La España de los inversores
![[Img #59616]](https://astorgaredaccion.com/upload/images/07_2022/4830_angel-dsc_0161.jpg)
El reciente Debate sobre el Estado de la Nación no ha cumplido (de nuevo, y van…) con las intenciones de su denominación. El segundo poder ha seguido a su bola de conciliábulo, no de bajos vuelos, sino de rasantes, incapaces de despegar respecto a los problemas que de verdad atenazan y consumen a esa entelequia que, para los padres de la patria, representa el término españoles.
El debate que es punto de referencia de la actividad parlamentaria, retornado a la agenda del hemiciclo después de cuatro años, pandemia incluida, ha sido otra demostración de la inagotable querencia de sus señorías para mirarse el ombligo. Cada grupo hizo doctrina de lo que ha olfateado como pieza de caza para regocijarse en ejercicios de poder para el pueblo sin el pueblo. Y creíamos desterrado el despotismo ilustrado de los tiempos de maricastaña, aunque el adjetivo viene muy grande en los tiempos actuales. Más exacto es identificarlo en el antónimo iletrado.

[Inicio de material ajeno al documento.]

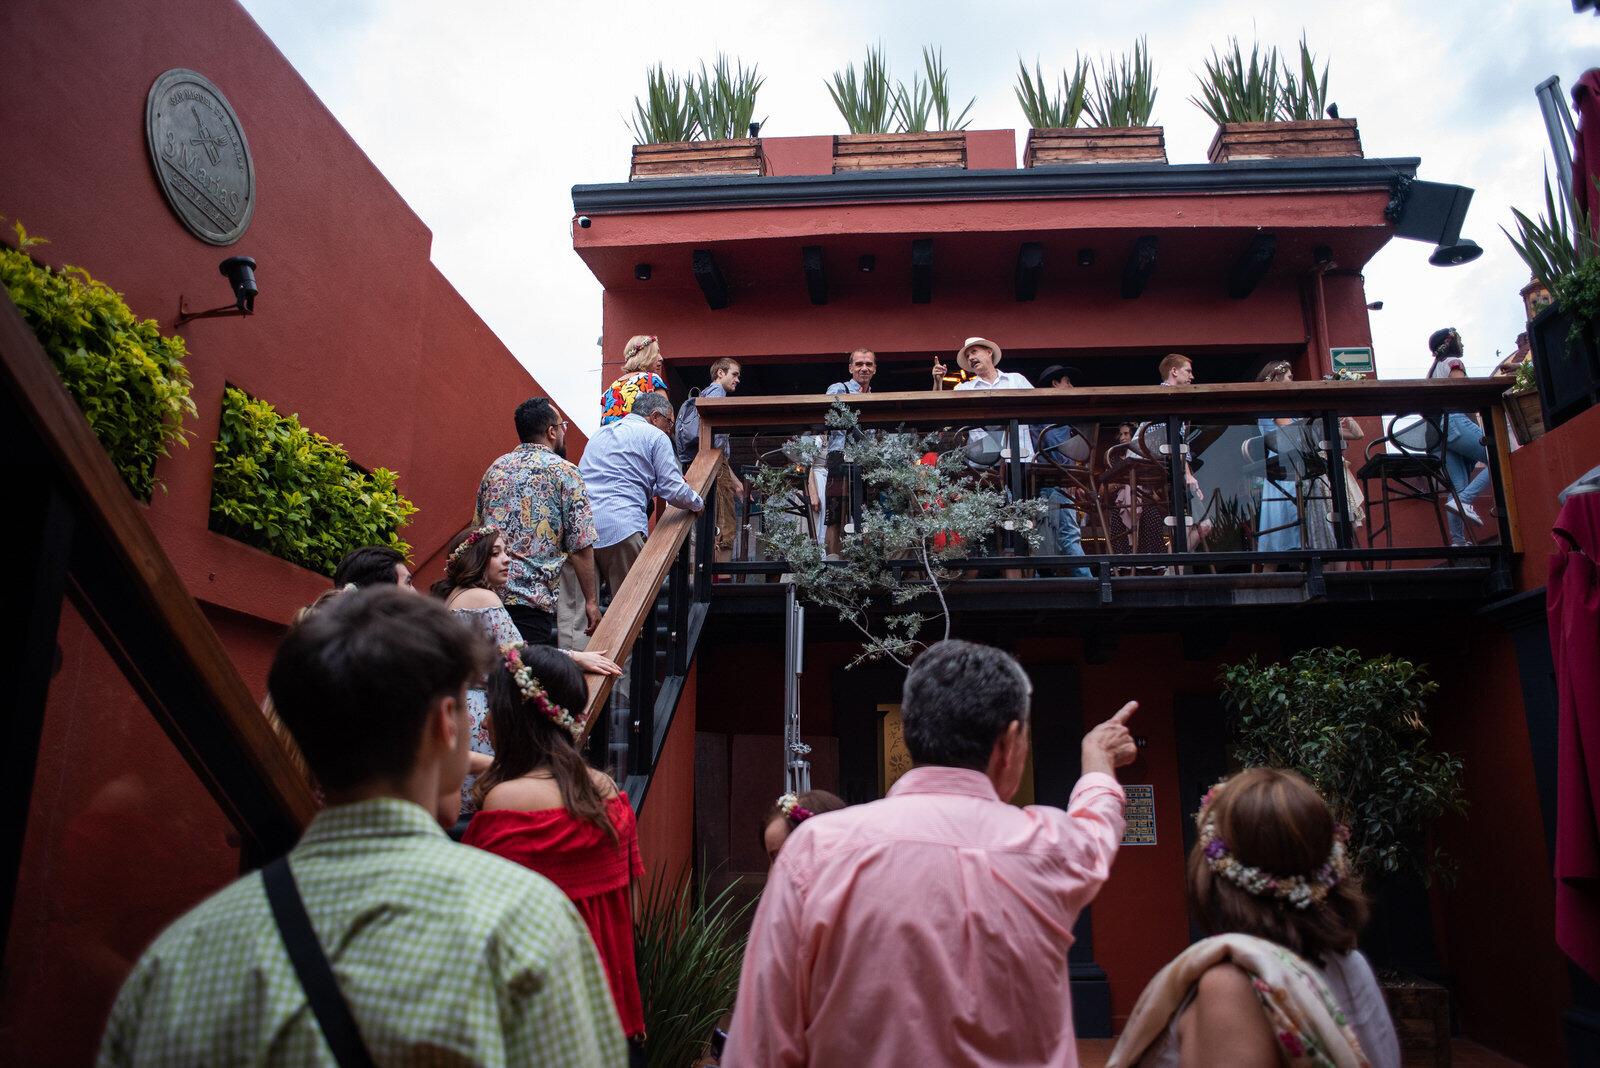 callejoneada_san_miguel_de_allende_wedding_photography_ (16).jpg

Quizá porque a uno tocó dar trigo, y al resto la mera prédica, el partido del Gobierno, fue el más explícito en las propuestas. Inflación en presente e invierno de tiritera en futuro, obligan a no irse por las ramas y ofrecer a los deprimidos ciudadanos una terapia con más de placebo que de eficaz vitamina. Cualquiera que no se ate a la militancia partidista de gafas de aumento o reducción, según quién y no qué, sabe que crisis globales como ésta no tienen soluciones locales, gobierne el que gobierne. El abandonado parlamento de la calle quiere a sus prohombres en la dirección única de la toma de decisiones colegiadas. Es tiempo obligado de pactos, de percepciones reales en ese todos a una por la superación de obstáculos que superan la visión aldeana del partidismo y la ceguera de topo de los diputados.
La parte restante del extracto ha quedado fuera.